§ **Recorded data**

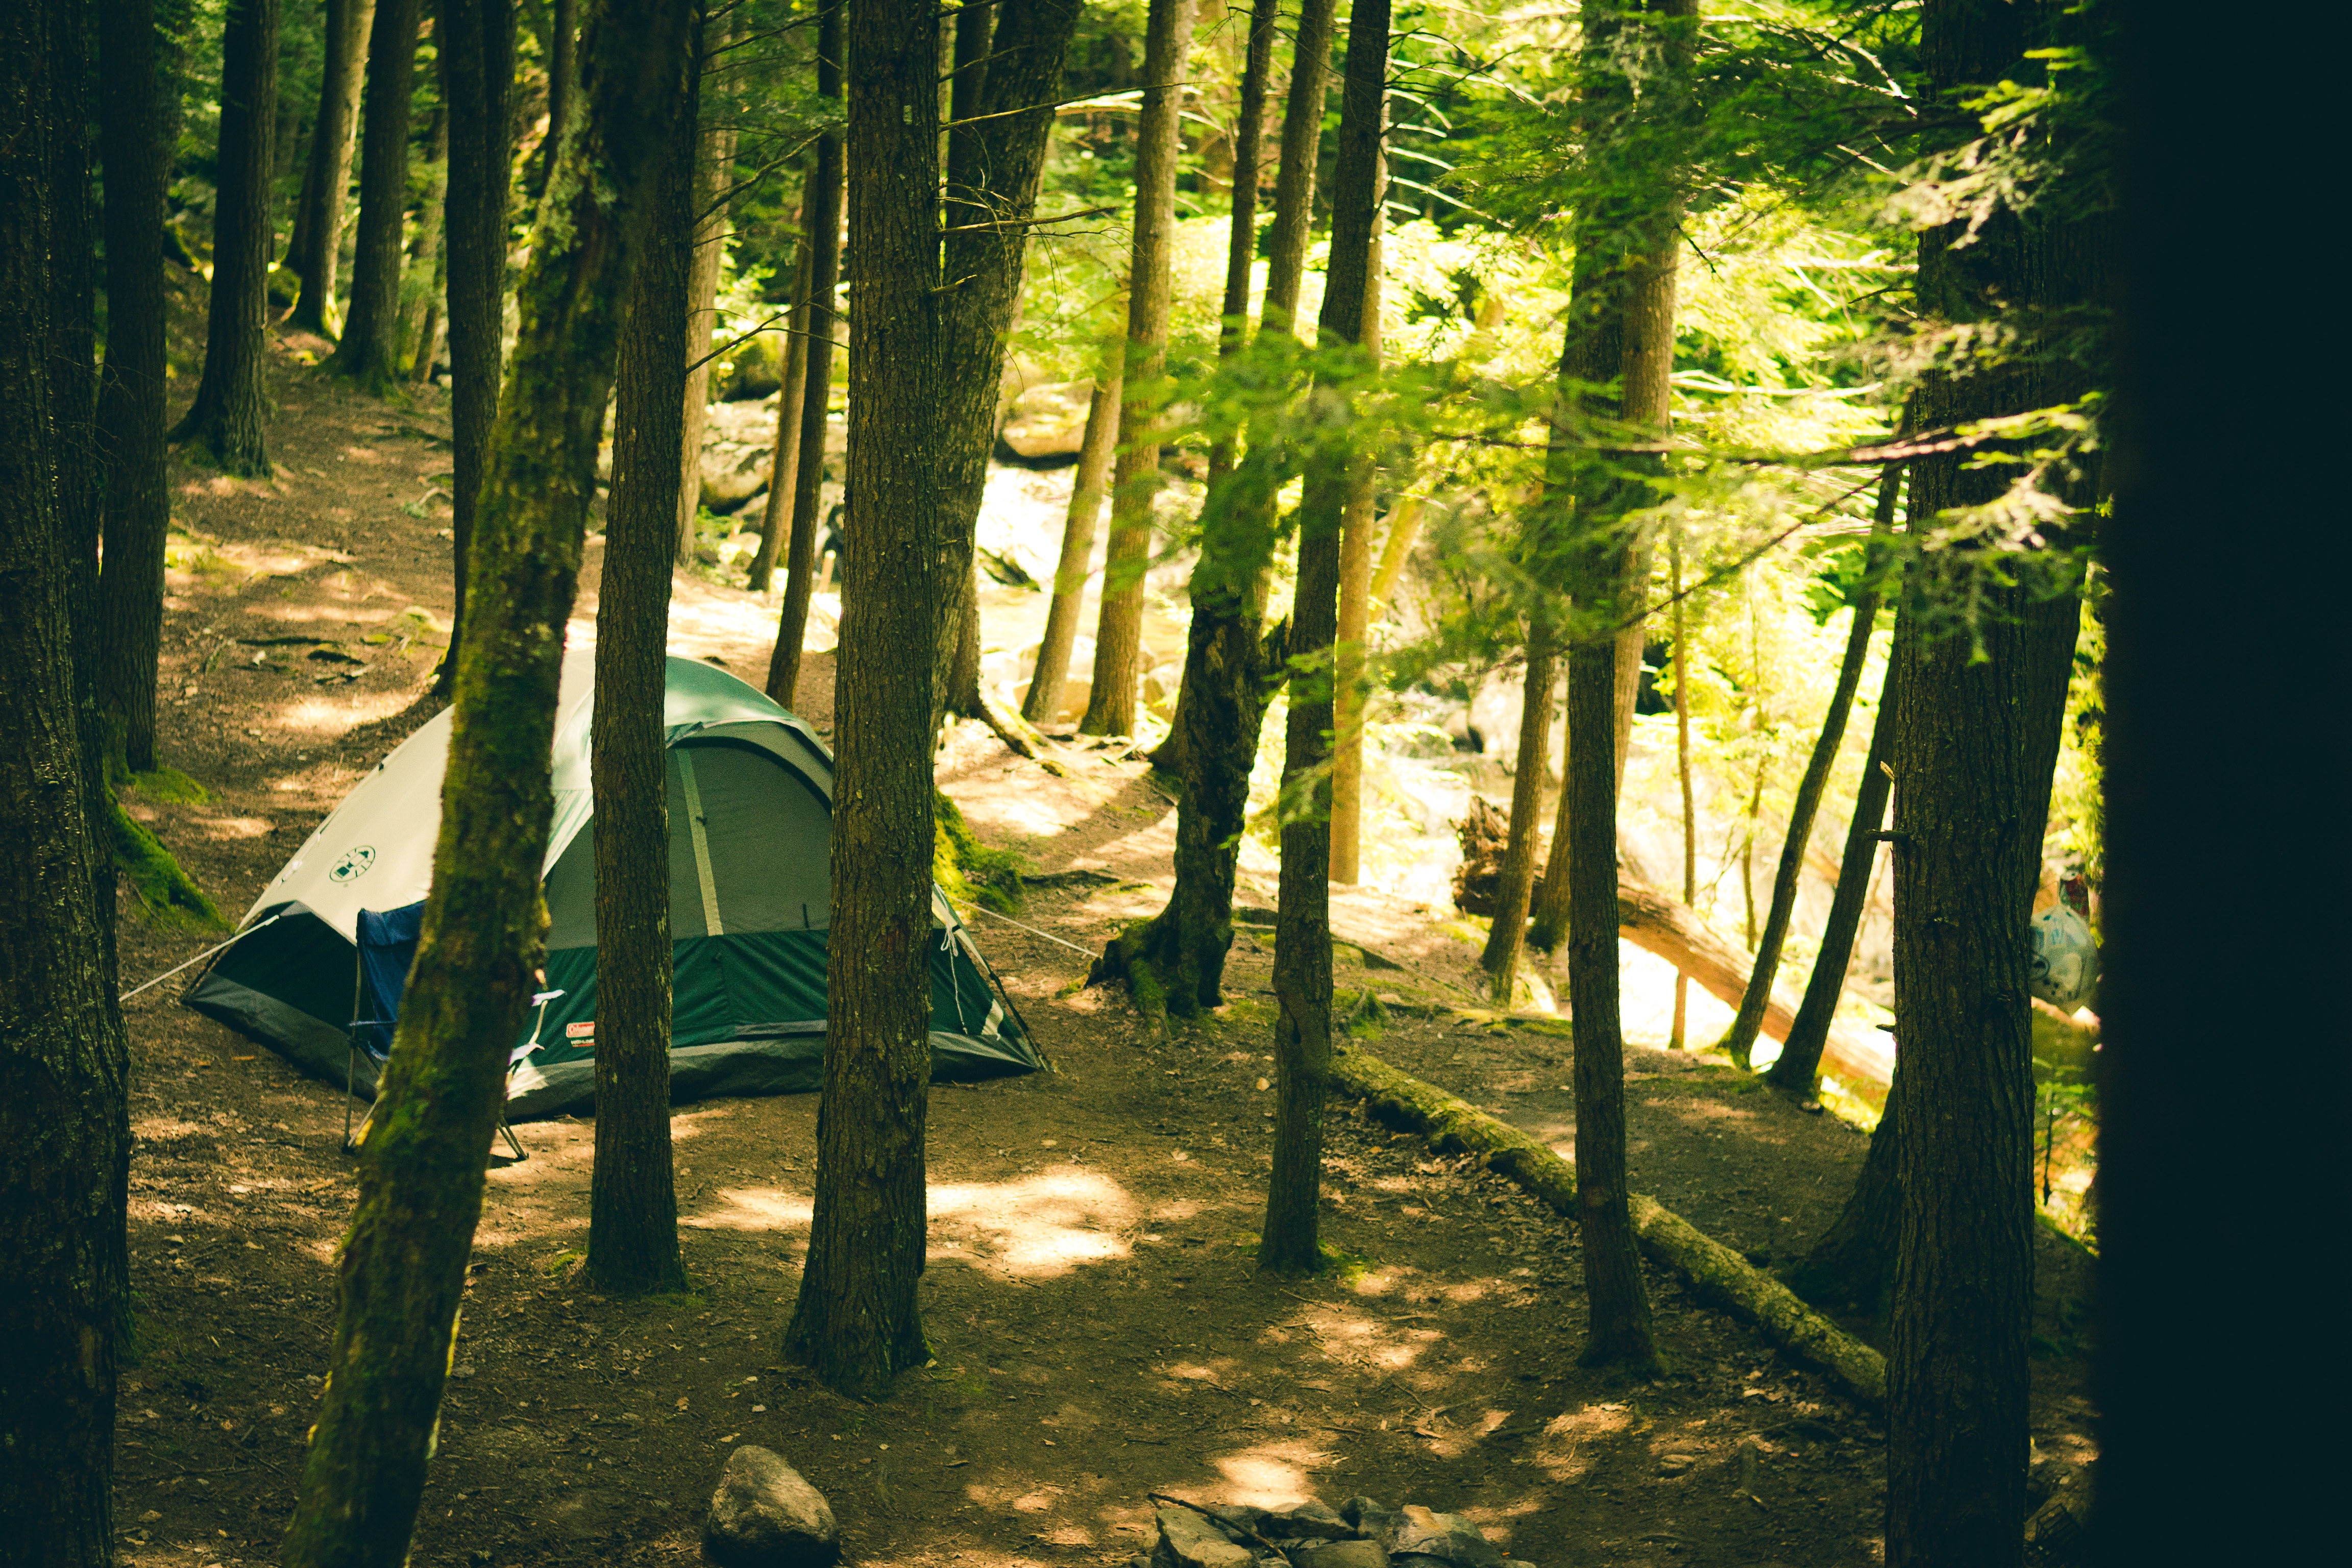 camping tent set up in the Adirondack wilderness
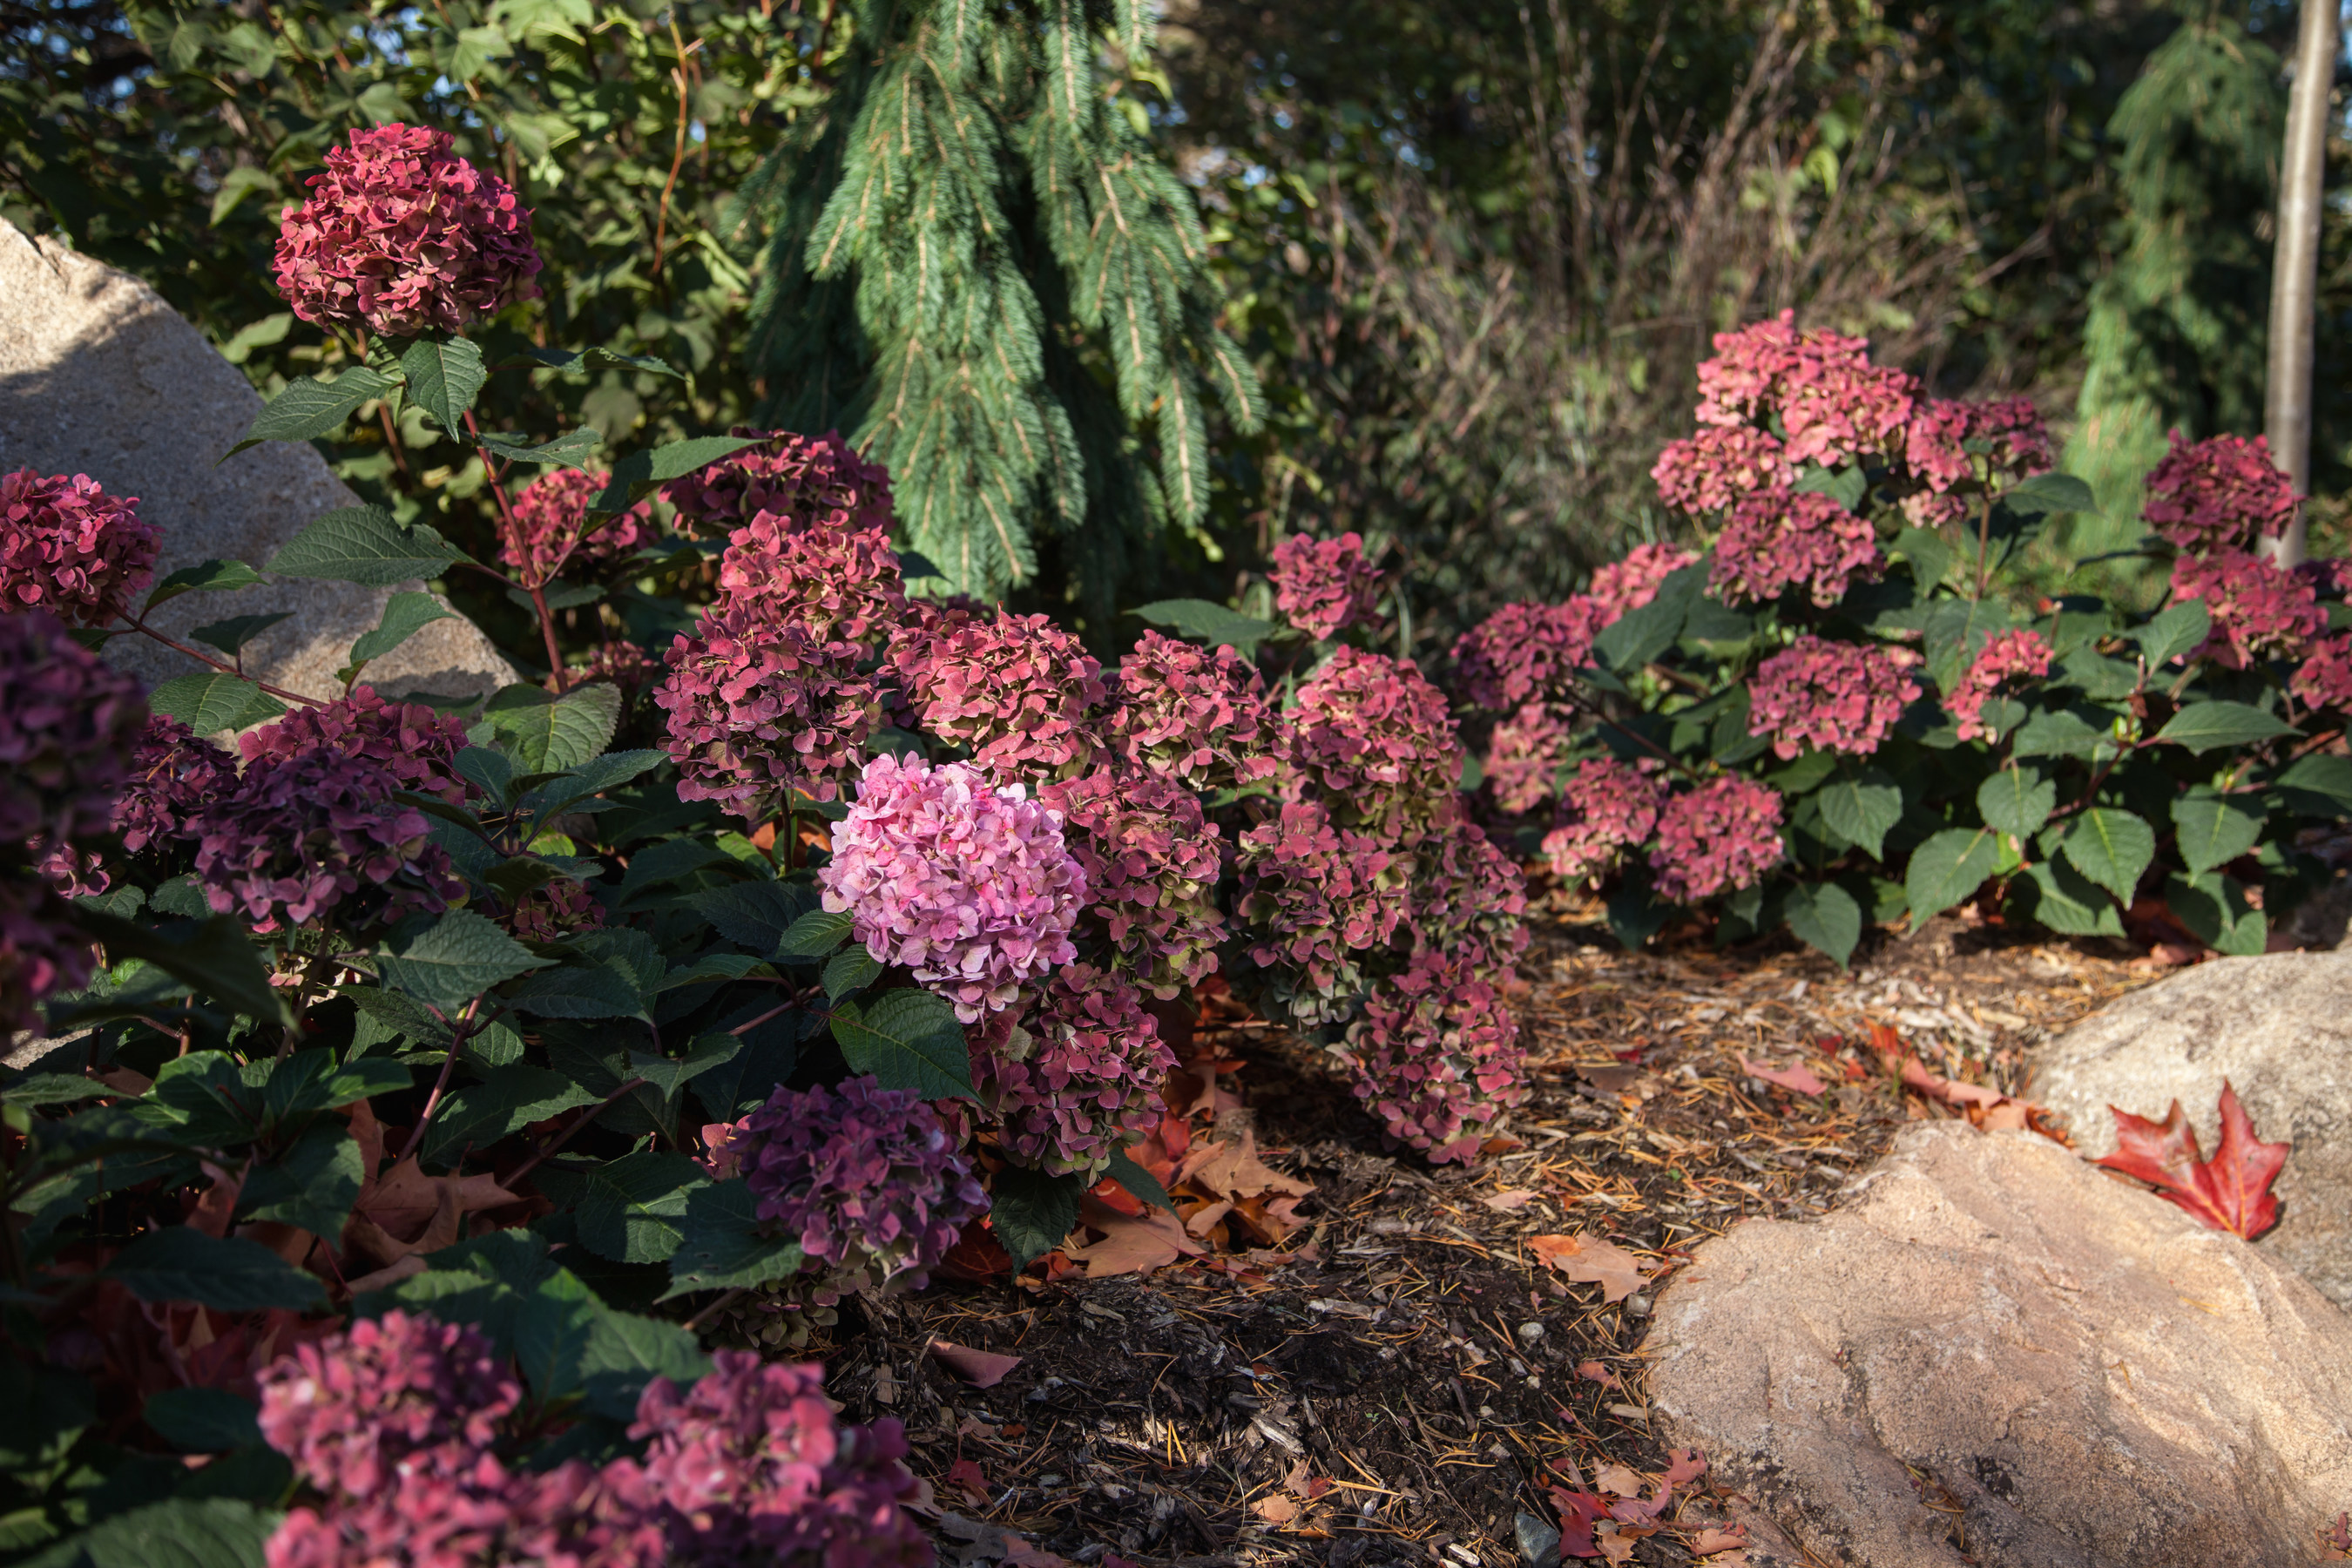 After providing great summer flower color, BloomStruck(R) Hydrangeas' leaves turn a rich, deep red -- the ideal touch for a fall landscape.
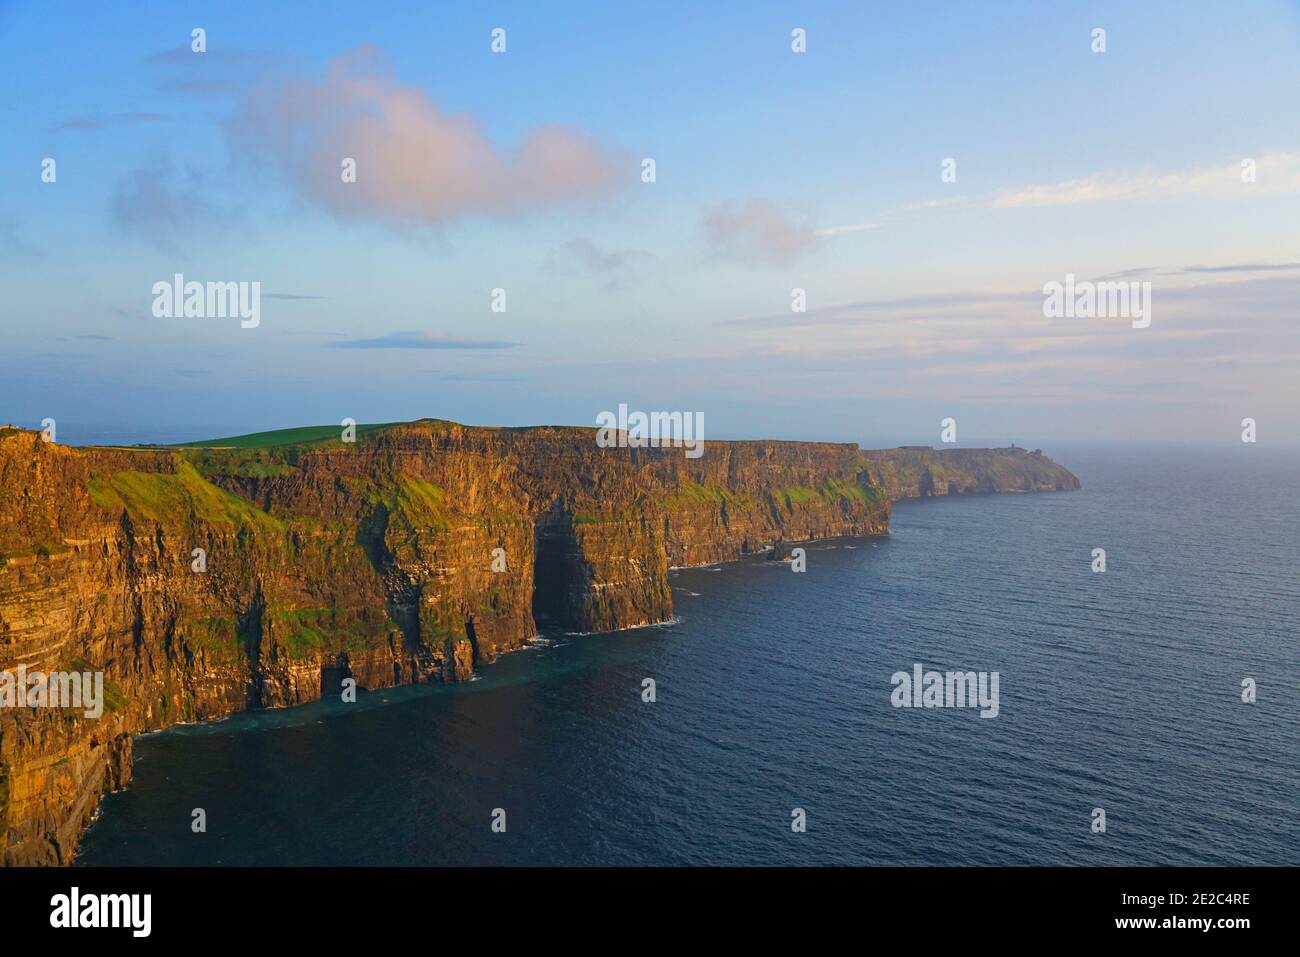 The Cliffs of Moher at sunset in County Clare, Ireland. Stock Photo

§ **Task statement**
Pictures do not go in the copy. Write out exactly the lines from the line containing "After providing great" through the last line of the listing.

§ **Result of this task**
 After providing great summer flower color, BloomStruck(R) Hydrangeas' leaves turn a rich, deep red -- the ideal touch for a fall landscape.
 The Cliffs of Moher at sunset in County Clare, Ireland. Stock Photo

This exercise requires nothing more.